Given his experience in the rental market in Lawrence, Herbert said he actually sees a short-term rental as having less impact on the neighborhood than a long-term rental because he said there’s often a greater need to keep the property in good shape.

“I don’t see this as something that’s going to come in the community and start destroying and eroding our neighborhoods,” Herbert said. “The impact that long-term rentals have on a residential neighborhood is going to be far greater than the impact that Airbnb would ever have.”

Still, Herbert acknowledged that the industry has its critics who say it encroaches on existing local hotels. Several local hotel operators did not return calls for this article. However, Herbert said that home-sharing and short-term rentals are where trends are heading.
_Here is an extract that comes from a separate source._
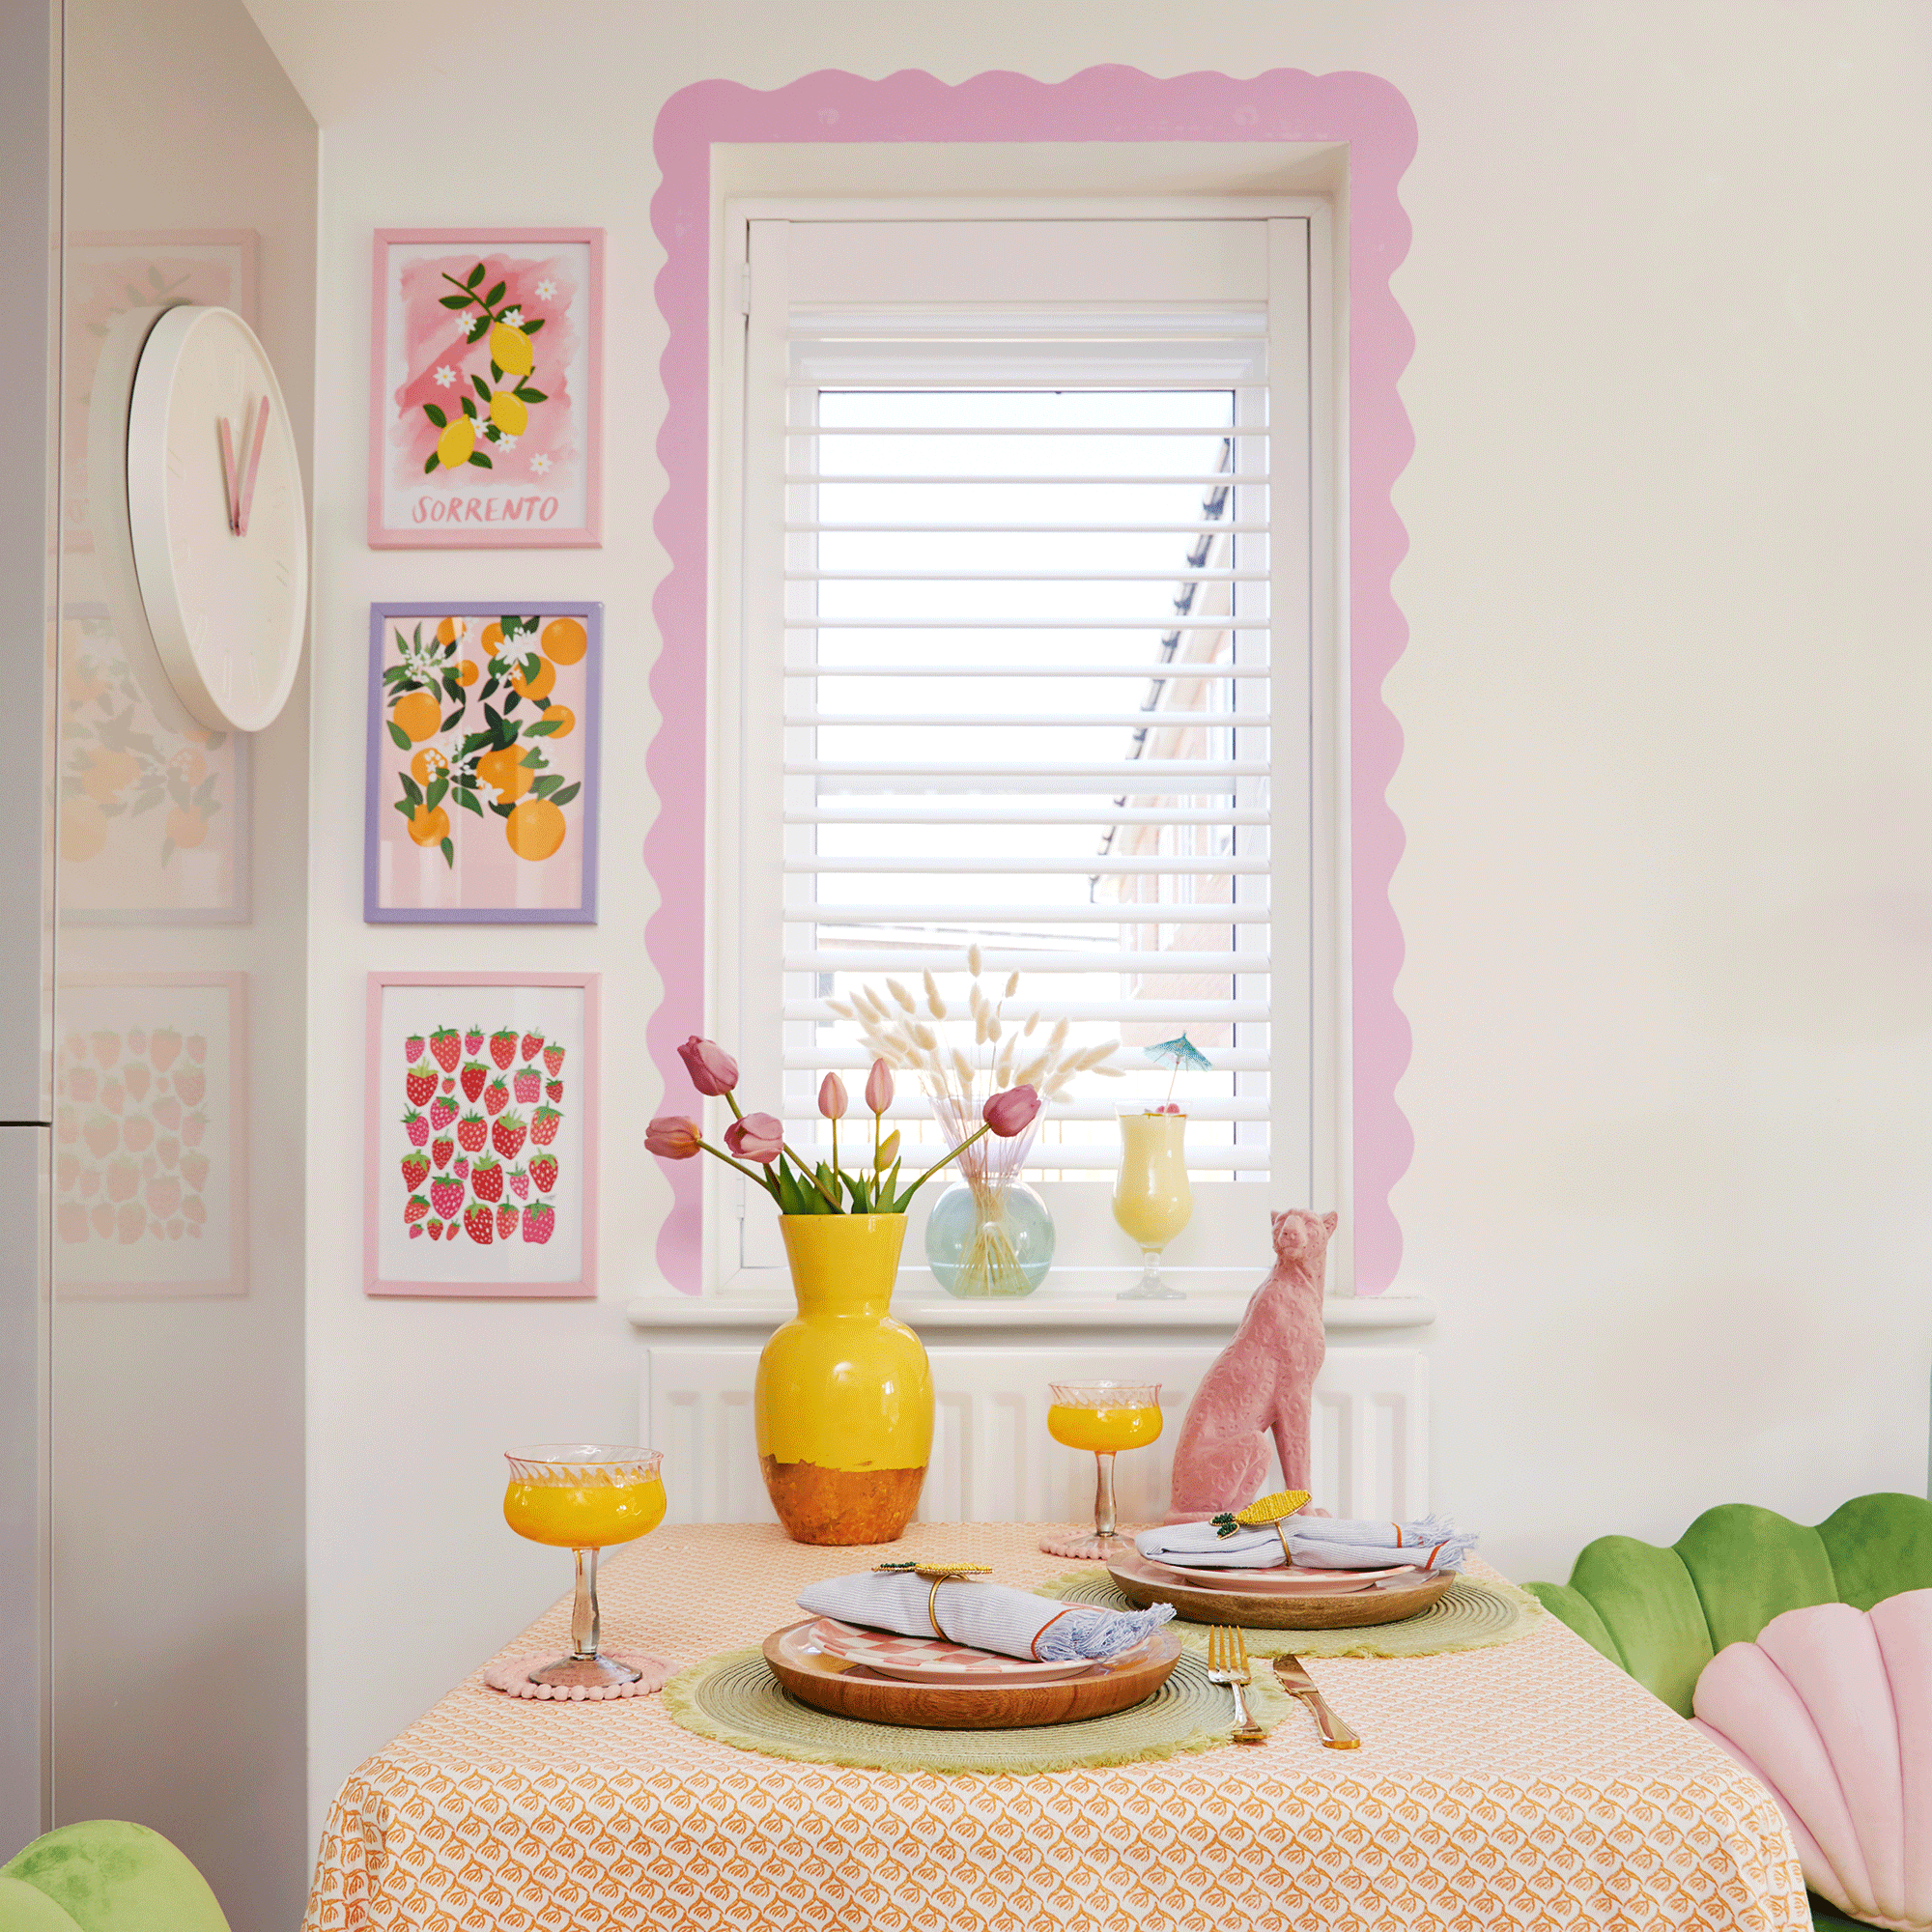 Window with pink squiggle border and table

“We’re just asking for these individuals to be given a chance to operate in the same free market that everyone else operates in,” Herbert said. “To me, it’s no different than (the ride-sharing company) Uber; taxi companies don’t like Uber, but this is kind of a 21st century shared economy.”

Potential changes

When considering zoning and regulation, the report will include a summary of what other cities are doing. McCullough said the report will indicate how cities similar in size and characteristics to Lawrence are handling short-term rentals.

McCullough said that information can be used by commissioners to decide whether they want to address the regulation of short-term rentals, and what might that procedure look like should they elect to do so.

McCullough said information is still being gathered for the report, which is not yet in its first draft. He said he expected it to be complete and brought before the City Commission within the next few months.

“What we haven’t done, and what this research will help us get direction to, is understand if we want to take a different direction with it and build codes that accommodate the use,” McCullough said.